Fig. 4 (a and b) Normalized steady state excitation and emission spectra of CTF-1 (black) and CTF-2 (blue). (c) Time-resolved emission spectra of CTF-1 (black) and CTF-2 (blue), dissected into short- and long-lived emission. (d and e) Simplified Tamm-Dancoff-approximated TD-DFT³⁸ calculations based on ωB97X/def2-SV(P) calculations using cutouts of CTF layers. No shift was applied to the energies and the density of states was plotted for better visibility by convoluting the discrete singlet and triplet state positions with Gaussian functions with width 0.2 eV. The densities were normalized with respect to the maximum of the first triplet peak of CTF-2.

Simplified TD-DFT calculations on cluster models of the CTFs show that CTF-1 has nine triplet states (located between 4.51–5.25 eV) per CTF-layer beneath the lowest singlet state at 5.25 eV (Fig. 4d). Singlet and triplet states overlap which is favorable for intersystem crossing (ISC). In CTF-2, the triplet states (3.63–3.76 eV) are clearly separated from the lowest singlet state (4.18 eV) making ISC less likely (Fig. 4e). Consequently, CTF-1 should be able to form triplet states more easily during catalysis. If this process is accompanied with energy transfer to oxygen his results in higher selectivity towards H²MF. Hence, the variation of the CTF linker from phenyl to naphthyl reduces the formation of triplet states, pushing the selectivity in the HMF valorization to the direct oxidation pathway.

In summary, we elucidate in detail the reaction mechanism for HMF valorization over CTF photocatalysts (Scheme 2). Two reaction mechanisms are possible depending on the optoelectronic properties. In the first pathway, HMF is directly oxidized at the CTF surface to DFF while molecular oxygen is reduced to O₂˙⁻ simultaneously.
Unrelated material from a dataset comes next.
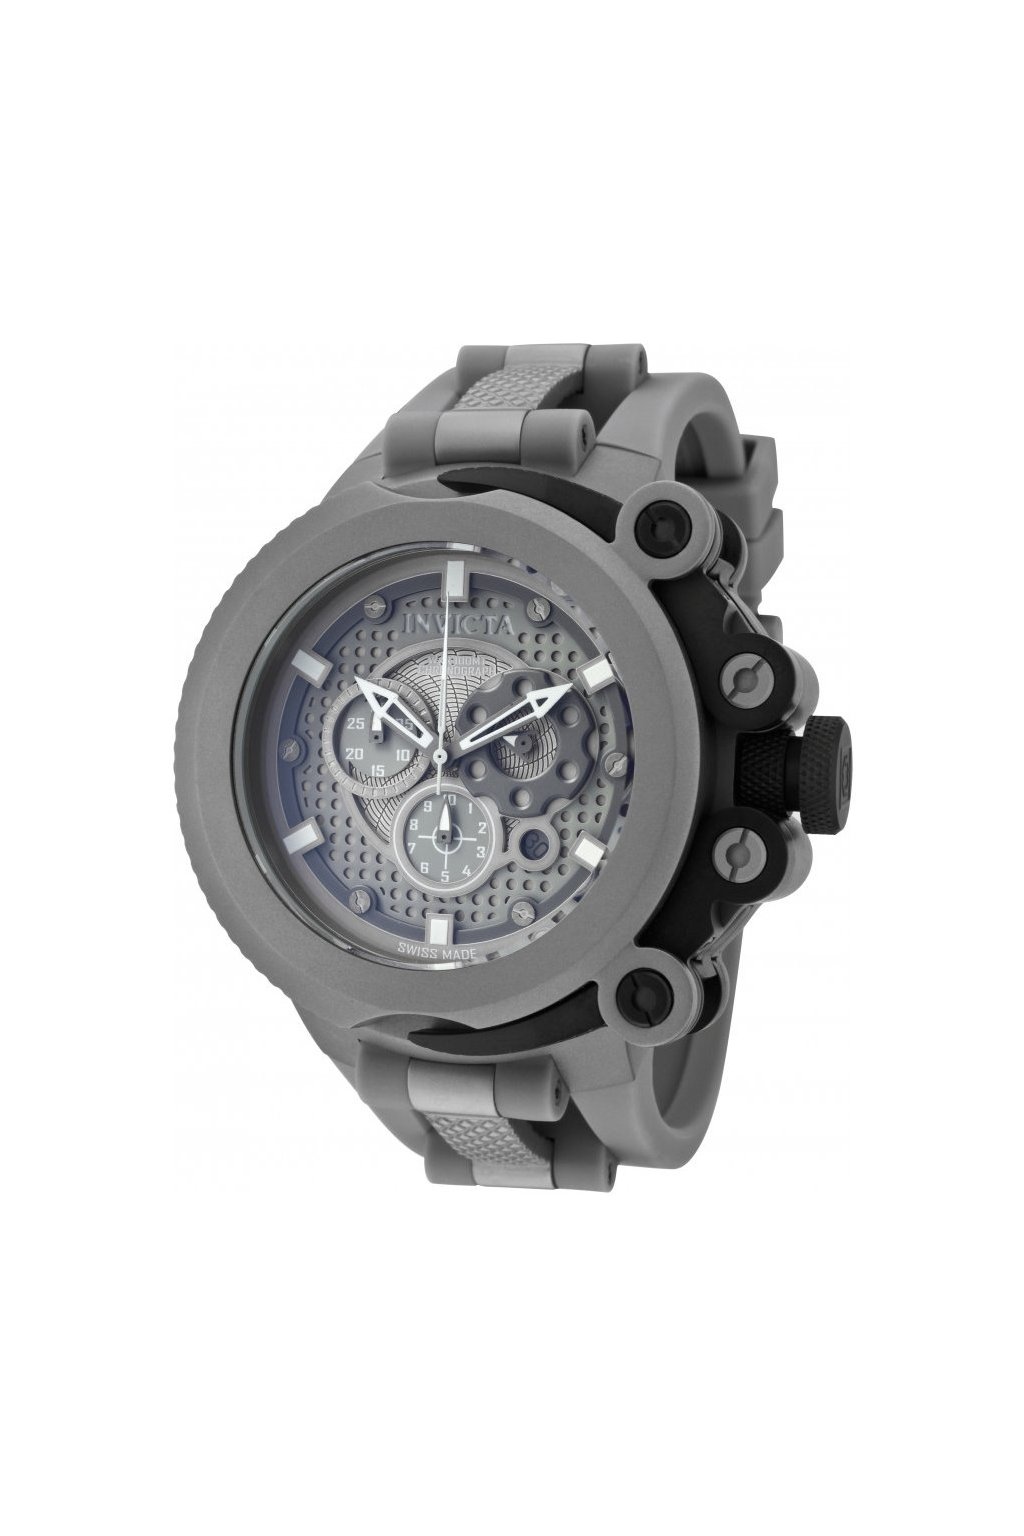 Pánské hodinky Invicta Coalition Forces Trigger 0958  + Kufr Invicta v hodnotě 1000 Kč ZDARMA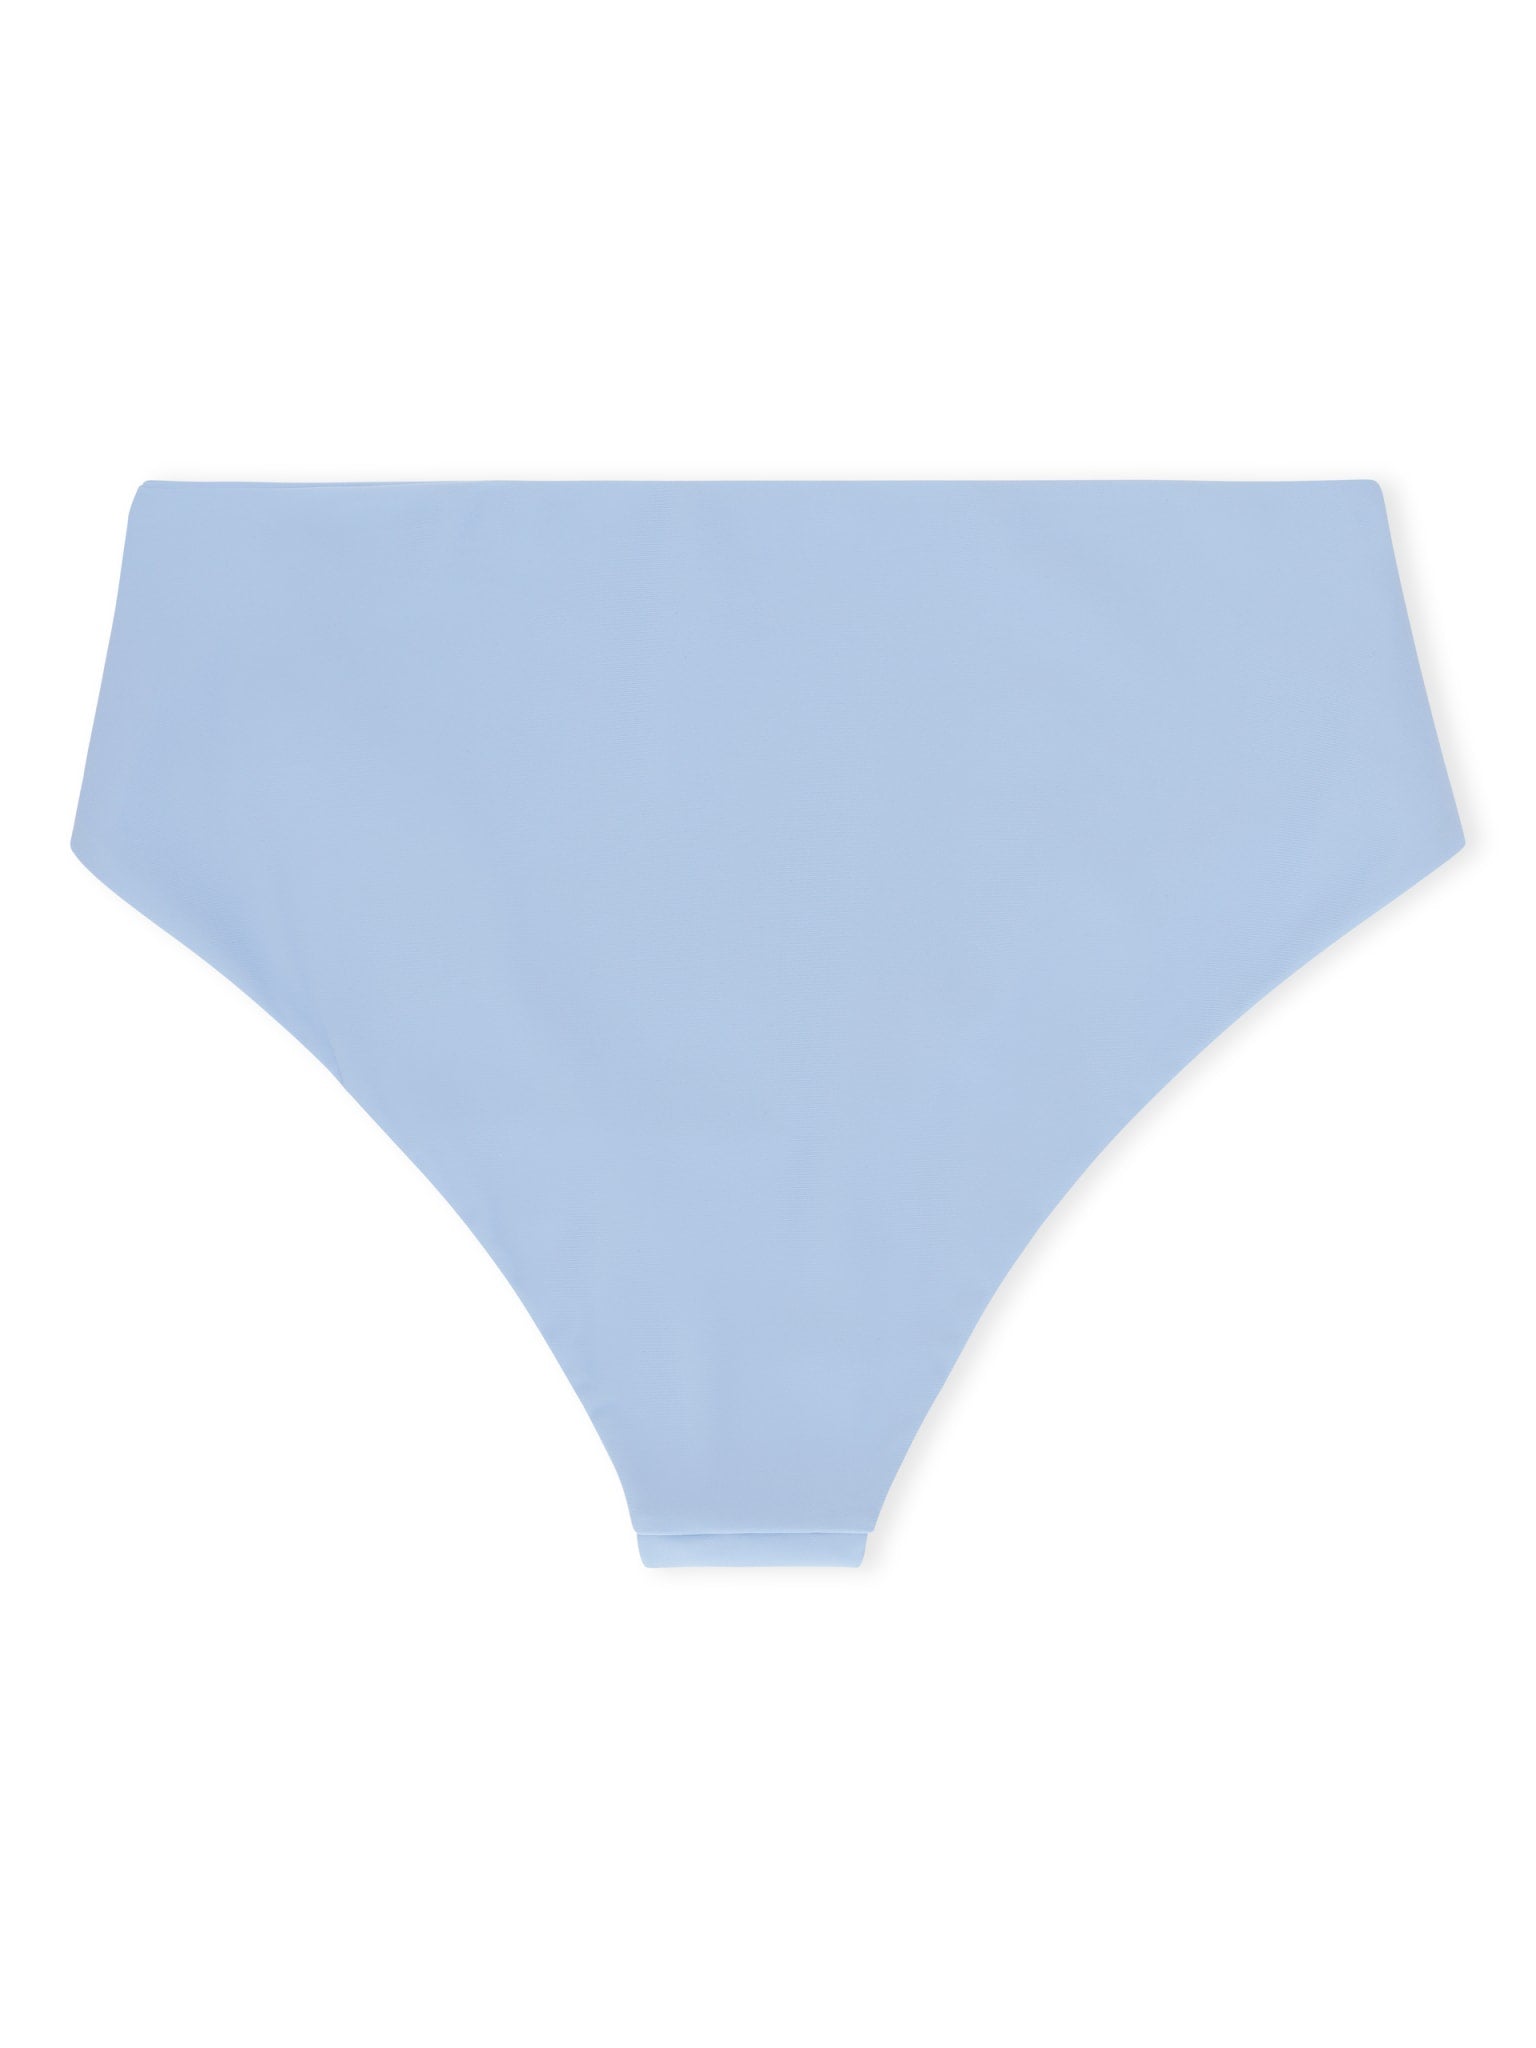 Ubud high-waist bikini bottom - Clear

In the second pathway, oxygen is converted to ¹O₂ which consequently reacts in a cycloaddition with HMF to H²MF. The selectivity towards any of these two mechanisms can be controlled by the choice of the building blocks used for the catalyst's synthesis. Tailoring the structure of the CTF to form energetically proximate singlet and triplet state manifolds leads to a high selectivity towards ¹O₂ formation and, thus, towards H²MF. Vice versa, building a network with well-separated singlet and triplet states increases the selectivity towards the direct oxidation.

Scheme 2 Illustration of the two possible reaction mechanisms, ¹O₂ cyclo-addition or direct oxidation, of HMF over CTF photocatalysts.

Conclusion

We designed two CTF photocatalysts with altered optoelectronic properties that revealed opposing selectivity in HMF valorization. Thus, we report an updated reaction mechanism for HMF photooxidation over CTFs: either HMF is directly oxidized to DFF at the CTF surface or, via photoinduced energy transfer, molecular oxygen is converted to singlet oxygen which then reacts in a cycloaddition with HMF to yield H²MF. Detailed investigation of the reaction mechanism combined with simplified TD-DFT calculations elucidated the decisive property that controls the switch in selectivity. Depending on the probability to form excited triplet states, the cycloaddition or the direct oxidation is favored. Future studies will focus on more tailor-made CTFs to broaden application of our hypothesis and to find structure–property relationships about the affinity towards singlet and triplet states in CTFs.

Conflicts of interest

There are no conflicts to declare.

Acknowledgements

R. P. acknowledges the Fuel Science Center (EXC 3782186, ID: 390919832) funded by the Excellence Initiative by the German federal and state governments. D. D. gratefully thanks the German Federal Environmental Foundation for financial support. N. M. S. thanks RWTH Aachen University for financial support. F. M. W. gratefully acknowledges financial support from the Deutsche Forschungsgemeinschaft (DFG, grant number WI 4721/3-1) and from CNRS through Momentum 2018 excellence grant. C. B. acknowledges funding by the Ministry of Culture and Science of the German State of North Rhine-Westphalia (MKW) via the NRW Rückkehrprogramm. Felix Müller and Mirijam Zobel acknowledge Florian Puchtler of Institute of Inorganic Chemistry I at University Bayreuth for PDF data collection.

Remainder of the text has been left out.